If you use CloudFront to serve static assets, you can setup CloudFront to send logs to an S3 bucket. Once the logs are in an S3 bucket, you can use Athena to query the logs. This gives you greater visibility into what requests are being made to your CloudFront distributions.

Assuming that I have already setup a cloudfront_logs table in Athena, I can query for logs from the last week, ordered by date, with a query like this:

SELECT *
FROM cloudfront_logs
WHERE "date" >= CURRENT_DATE - interval '7' day
ORDER BY "date" desc, time desc
LIMIT 100;

If I wanted to know how many requests were made to my CloudFront distribution each day last week, I could use a query like this:

SELECT "date", COUNT(*) AS count
FROM cloudfront_logs 
GROUP BY "date"
ORDER BY "date" desc
LIMIT 100

Maybe I want to know which IP addresses have most frequently made requests to a CloudFront distribution. In that case I could use a query like:

SELECT "request_ip", COUNT(*) AS count
FROM cloudfront_logs 
GROUP BY "request_ip"
ORDER BY count desc
LIMIT 100

What if we wanted to see how many cache hits we had compared to cache misses.
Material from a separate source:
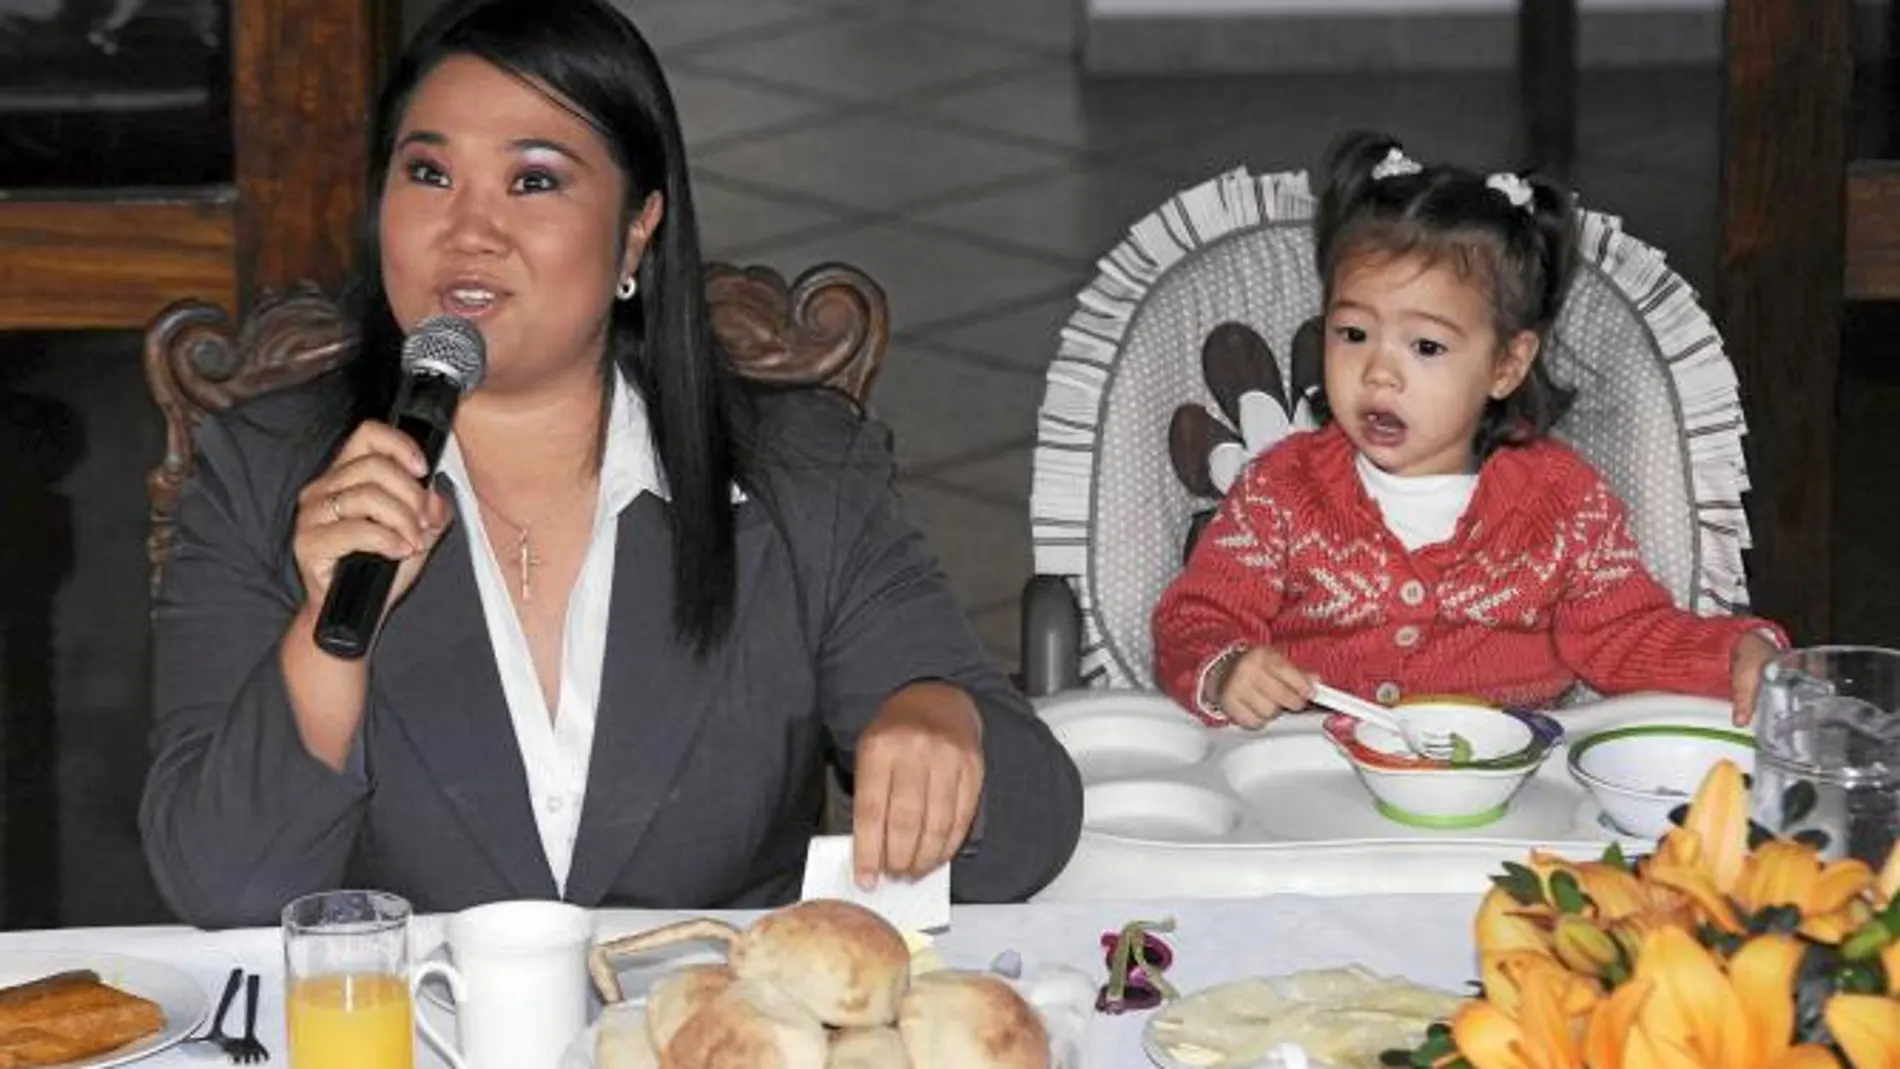 La candidata Keiko Fujimori desayuna en su casa junto a su hija mientras atiende a la Prensa antes de acudir a votar

A query like the following would provide that information:

SELECT SUM(CASE 
             WHEN cl.result_type = 'Miss' THEN 1
             ELSE 0
           END) AS MissCount,
       SUM(CASE 
             WHEN cl.result_type='Hit' THEN 1
             ELSE 0
           END) AS HitCount
  FROM cloudfront_logs cl

These are relatively simple queries, but they do show how powerful Athena queries can be for CloudFront log analysis.